Tuesday, June 2, 2009

BIRCH WATER AND OTHER DELIGHTS

I left Oberlin at 3:45 pm Sunday and arrived in northern Minnesota at 5:15 pm Monday. Turbo trip! My speedometer works approximately twice a month, and on neither day of this drive. The needle just hangs out at 20mph, going or stopping. So I had no idea how fast I was going, I would get myself into a comfortable car sandwich and go with the flow, figuring that if we were speeding outrageously the highway patrol would target the leader or the end of the line. Worked!

Emmett was an agreeable companion but no help driving.

On day one I blazed through Indiana and Illinois without pause. On day two I did the final 400 miles in a single shot, not even stopping for gas or restroom or Twizzlers. I just wanted it to be over. The right side of my body was numb by the time I arrived. Fortunately my dear and loquacious friend Melissa called around the time I was passing through Staples and we talked through the last hour-plus, 'til the phone grew hot and I had switched arms several times. This, I fear, is the point at which one's brain is being microwaved, but it made the time fly by.

Things I saw and heard on my drive, in order of appearance:
• a trio of glossy chocolate-colored mules, grazing
• a sign for FANGBONER ROAD
• an abandoned farmhouse collapsing backwards, overgrown with ivy
• speed metal on the radio while driving through rural Wisconsin at night, including a song called "Corey Feldman Holocaust"
• heat lightning over the field in Madison where my friends and I were running around with Emmett at midnight
• at least a dozen dead deer (which bear a disturbing coloring resemblance to Emmett), one of which had a neon-orange X spraypainted across its bloated and stiff torso in the dark
• two small crosses perched on a hillside next to 94, each decked with flower garlands and topped with a blaze-orange hunting cap
• a billboard for a place called Crystal Cave whose website is acoolcave.com
• an Adopt-A-Highway section sponsored by Minnesota Atheists
• girls walking through Menahga in shorts and flip-flops, it felt like true summer

Home at last, I went to Amy and Aaron's for dinner out in the woods.

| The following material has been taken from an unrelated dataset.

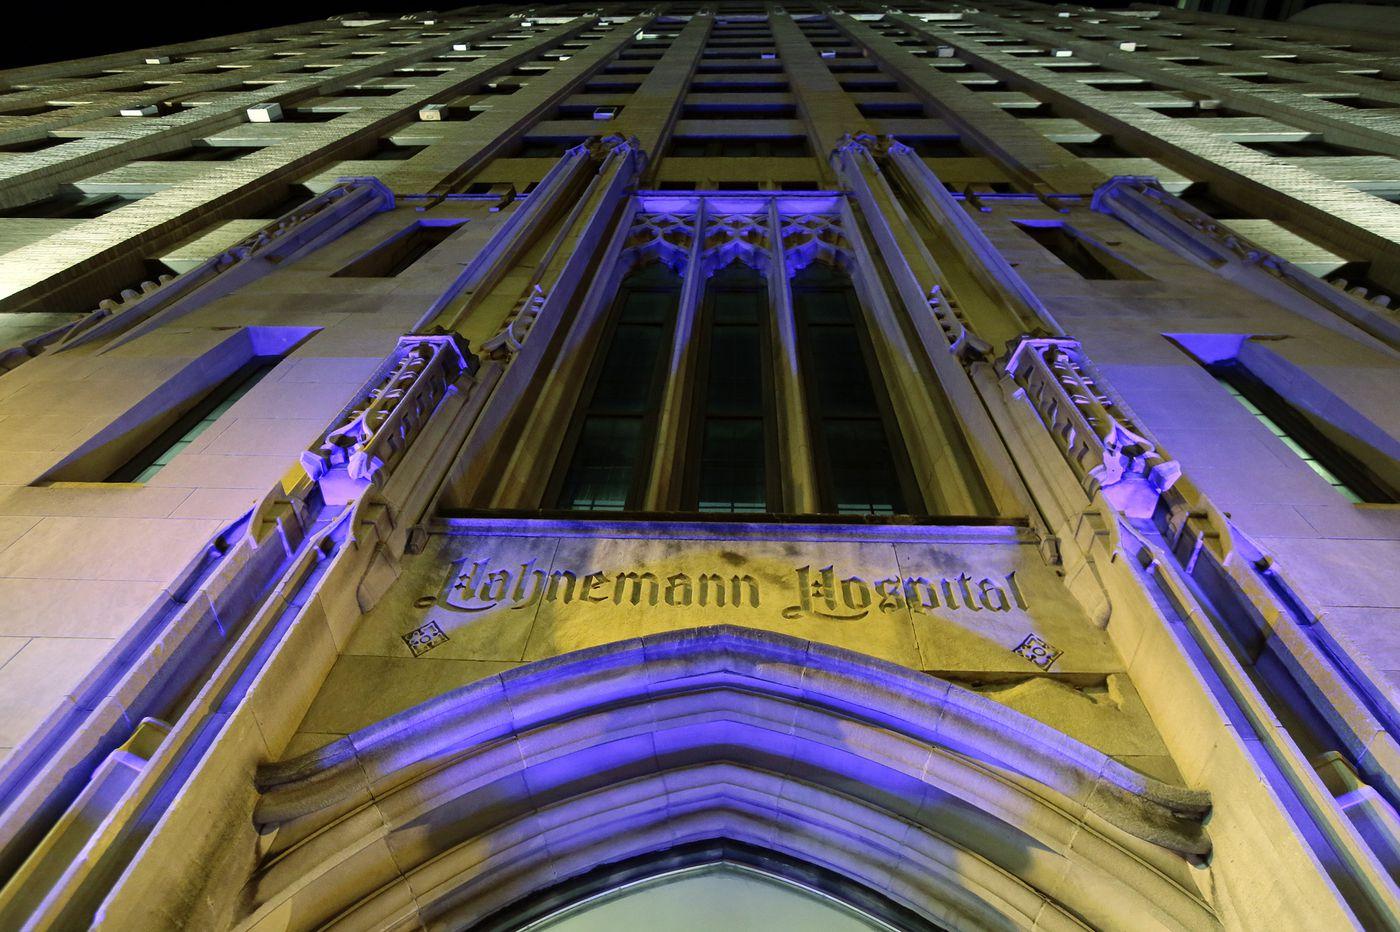 Hahnemann University Hospital: 171 years of Philadelphia medical history

Amy had made homemade butter with local cream, which she sprinkled with pink Hawaiian sea salt. Delicious!

The leftover buttermilk she turned into a delicious cool cucumber gazpacho, which also featured pureed almonds and some kind of oil (walnut? olive?) and, best of all, juicy halved green grapes swimming near the bottom like little sweet treasures. This, along with tender mellow radishes from the garden and ciabatta and cheese and wine, is just the pre-dinner snack. Then we had a Spanish vegetarian feast, replete with shitaake mushrooms and sweet scallions grilled over the fire and homemade mayo and garden greens and chickpea stew and things whose names I cannot remember! And ice cream with cloudberries for dessert.

Then after dinner Amy pulled out the birch water. When the sap was running in May, she and Aaron tapped some birch trees and collected gallons of the gushing water. They boiled down some of it to make birch syrup (it takes 70 gallons of birch water to make a gallon of syrup, compared with 40 of maple), but they kept a lot of the birch water just to drink .

The taste is so delicate and subtle I can hardly even describe it; all I can say is that birch water is the purest, cleanest, most delicious water I have ever drunk in my life. It tastes clear and alive. Amy declared that she wanted to drink it until she replaced every ounce of water in her body with it. Sign me up!

P.S. You should see the crazy car cake she and Aaron made for their son's second birthday. And also, the cooking classes she is going to offer out in their deep-woods paradise.

3 comments:

Unknown said...

I googled the key words ( Birch Water )and found your blog :)
I am trying to replicate a recipe from 1717 using Birch water as the base ingredient! Wondering if you might help me source for this experiment? Thanks in advance for your time.

Kind Regards,

Carl
werksind@gmail.com

Anonymous said...

Hey Carl, not sure where in the world you are located but here in Atlanta there are a couple of very well stocked Farmer's Markets that carry imported birch water from Eastern Block/Russia. You might could check into markets that feature Russian products should you live nearby a large metro area.
Good luck,
Scrub

Anonymous said...

i just tasted birch water this year! my father in law tapped some trees too! it is really refreshing!